Introduction

Gastrointestinal (GI) endoscopy is an essential tool for diagnosing and treating various GI diseases, including cancer which remains a global health burden and one of the important causes of cancer-related deaths worldwide [1, 2]. However, given the essential nature of this tool, it is still challenging to diagnose GI neoplasms by endoscopy [3, 4] because the detection and diagnosis depend on the endoscopist’s experience [5].

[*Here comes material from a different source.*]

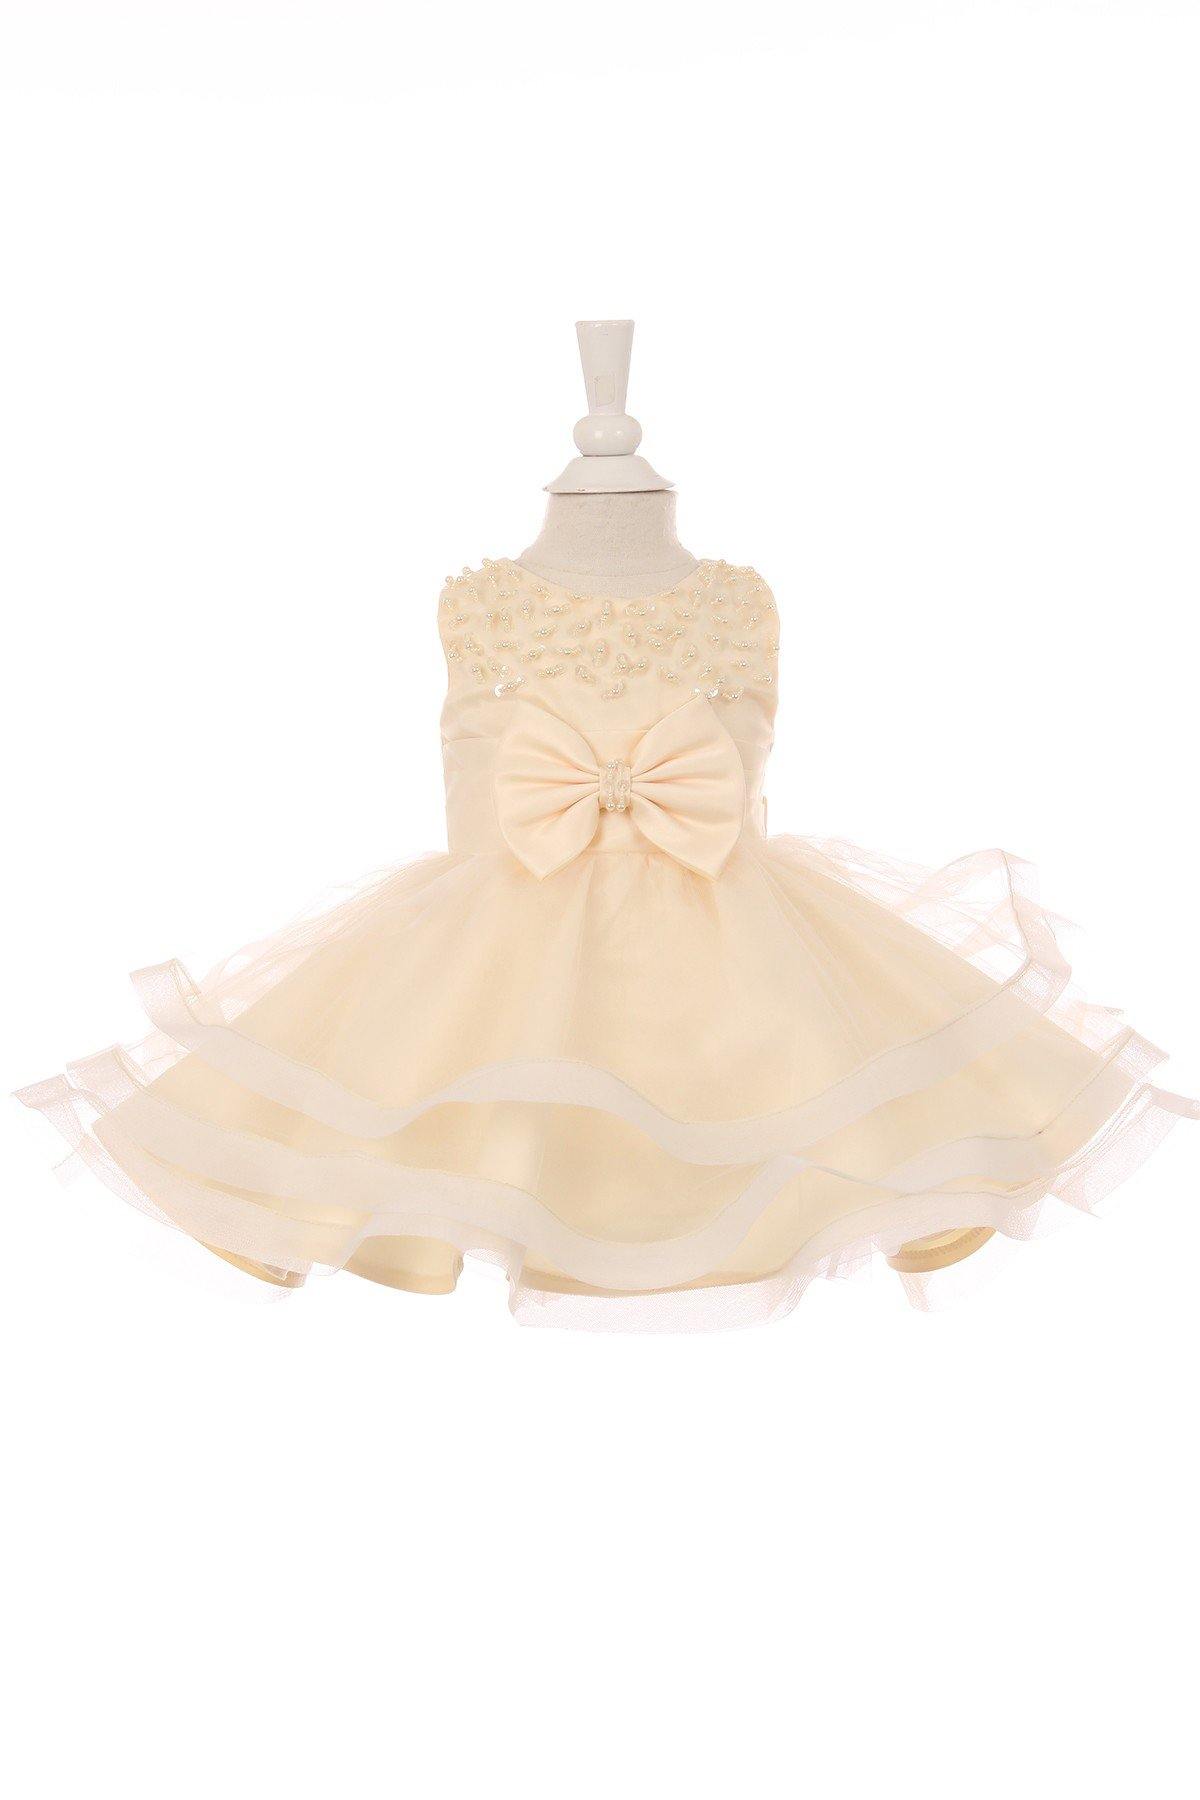 Sleeveless Flower Girls Dress Embroidered Bodice - The Dress Outlet Cinderella Couture

Several studies have recently reported the performance of deep learning-based artificial intelligence (AI) systems using endoscopic images to compensate for endoscopist experience. These reports have shown favorable performance for detecting GI neoplasms, predicting invasion depth, or classifying neoplasms [6,7,8,9,10,11,12]. The computer-aided detection and diagnosis (CAD) system for colonic neoplasms has well-established and proven clinical efficacy [13,14,15]. However, the CAD system for gastric neoplasms has demonstrated relatively poor performance compared to colonic neoplasms [16]. The reason is that the background mucosa of gastric neoplasms accompanies chronic inflammation, such as in atrophic gastritis and intestinal metaplasia [11, 16]. Given the sensitivity of deep learning to background noise, these studies have significant limitations. They needed a large dataset of real-world and high-quality images. Such images have been associated with high costs, increased time, and ethical issues such as privacy concerns [17].

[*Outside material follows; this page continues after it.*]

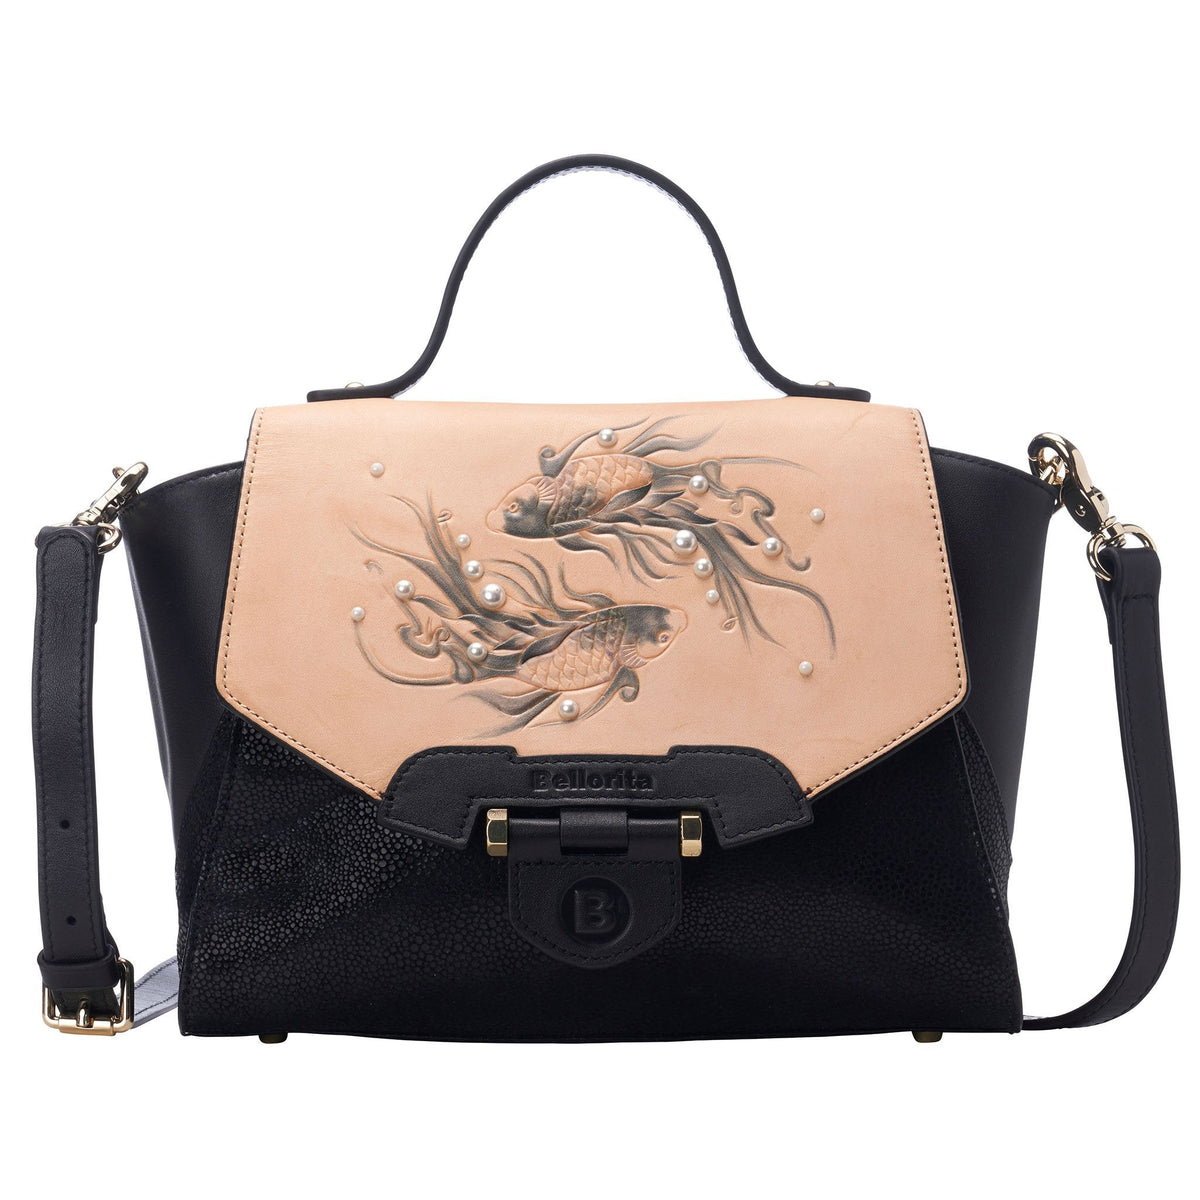 Bags & Luggage - Women's Bags - Top-Handle Bags Fish Small Black Satchel

In research to overcome the vulnerability of deep learning to background noise or adversarial samples, Goodfellow et al. [18] introduced generative adversarial networks (GANs), a neural network to generate the realistic distribution of the training dataset. GAN is a model suitable for medical imaging research that can collect a large number of normal data through health checkups. In particular, the possibility of detecting abnormalities using GAN has been dramatically expanded, and many studies on abnormality detection using GAN have been reported in the medical field [19,20,21,22,23,24]. However, high-resolution and highly represented endoscopic images must be generated to obtain high-sensitivity screening performance. Many previous studies employing GANs in endoscopic images have focused on their application to low-quality images due to the limited performance of the image-generating models. However, we have focused our research on the high image-generating ability of the endoscope to build a more sensitive screening of CAD from a disease detection perspective.

Progressive growing of the GAN (PGGAN) [25] is one of the GAN that can create high-definition and high-quality images. This network has been applied in image processing and the medical field rather than matching endoscopic camera resolution. Park et al. reported that PGGAN could synthesize high-resolution body CT images, proven using the visual Turing test [26]. The result of the Turing test found a lack of accuracy in the thoracic abdominal junction and anatomical details. We speculated that PGGAN would have problems generating specific structures in the same way on endoscopic imaging.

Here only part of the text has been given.